Victoria Flores knows her market. “Every girl wears hair,” she says as she brushes the synthetic extensions that were just clipped into a beauty blogger’s long bleached locks. “I don’t care if she’s white, black or Latina.”
Flores, 42, is working in an airy space in midtown Manhattan, three floors above a perfume outlet and a row of cluttered costume-jewelry stores. As a late summer sun beats down on the vendors below, Flores hustles back and forth across the office in white skinny jeans and wedge heels, trying to keep her own business afloat. Flores is the founding co-owner of Lux Beauty Club, an online hair-extension retailer, and since she launched her company in March 2016, life has run at warp speed. Flores, who is of Mexican descent and was born in El Paso, Texas, used to work on Wall Street as an associate at Morgan Stanley Prime Brokerage. Now her days revolve around hair: buying it, selling it and constantly trying to raise more capital so she can keep sending it out to women who think that getting new extensions is, as she puts it, “better than any paycheck.”

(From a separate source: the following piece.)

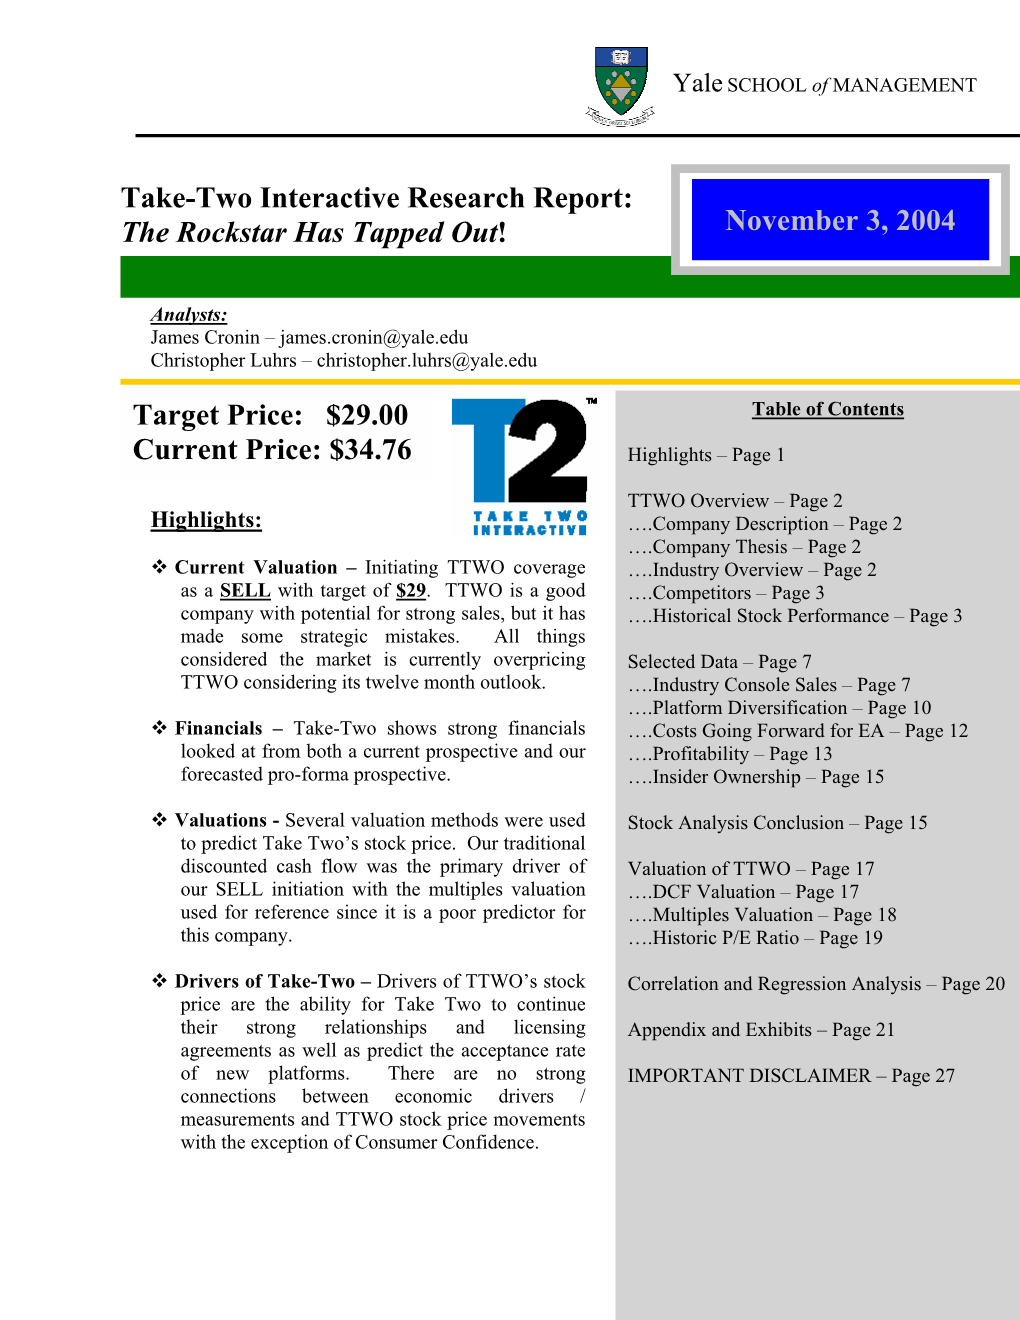 Take-Two Interactive Research Report: the Rockstar Has Tapped Out! November 3, 2004

All this makes Flores something of an unsung symbol of the times: she belongs to the fastest-growing group of small-business owners in the U.S. From 2007 to 2012, Latinos launched small businesses at a pace more than 60 times that of their non-Latino counterparts, according to the Stanford Latino Entrepreneurship Initiative. Latinas like Flores are making their own contributions to that boom: according to the 2016 State of Women-Owned Businesses Report, the number of Latina-owned businesses in the U.S. has grown by 137% over the past nine years–outpacing all other categories of minority women.
One might get a very different impression, however, by listening to the political debate in the U.S. To hear Donald Trump explain it, Latino immigrants are a drag on the economy. “They’re taking our manufacturing jobs. They’re taking our money. They’re killing us,” he said at a rally in 2015. According to a 2016 Pew Research poll, 59% of Americans say immigrants strengthen the country, while 33% say they are a burden. But this diverges along partisan lines, with 78% of Democrats saying they strengthen the nation and just 35% of Republicans agreeing. After the founder of Latinos for Trump warned that too many Mexican immigrants would result in “taco trucks on every corner,” the U.S. Hispanic Chamber of Commerce–which endorsed Hillary Clinton in July, the first time the group has ever come out for a presidential candidate–vowed to park one at every polling place instead.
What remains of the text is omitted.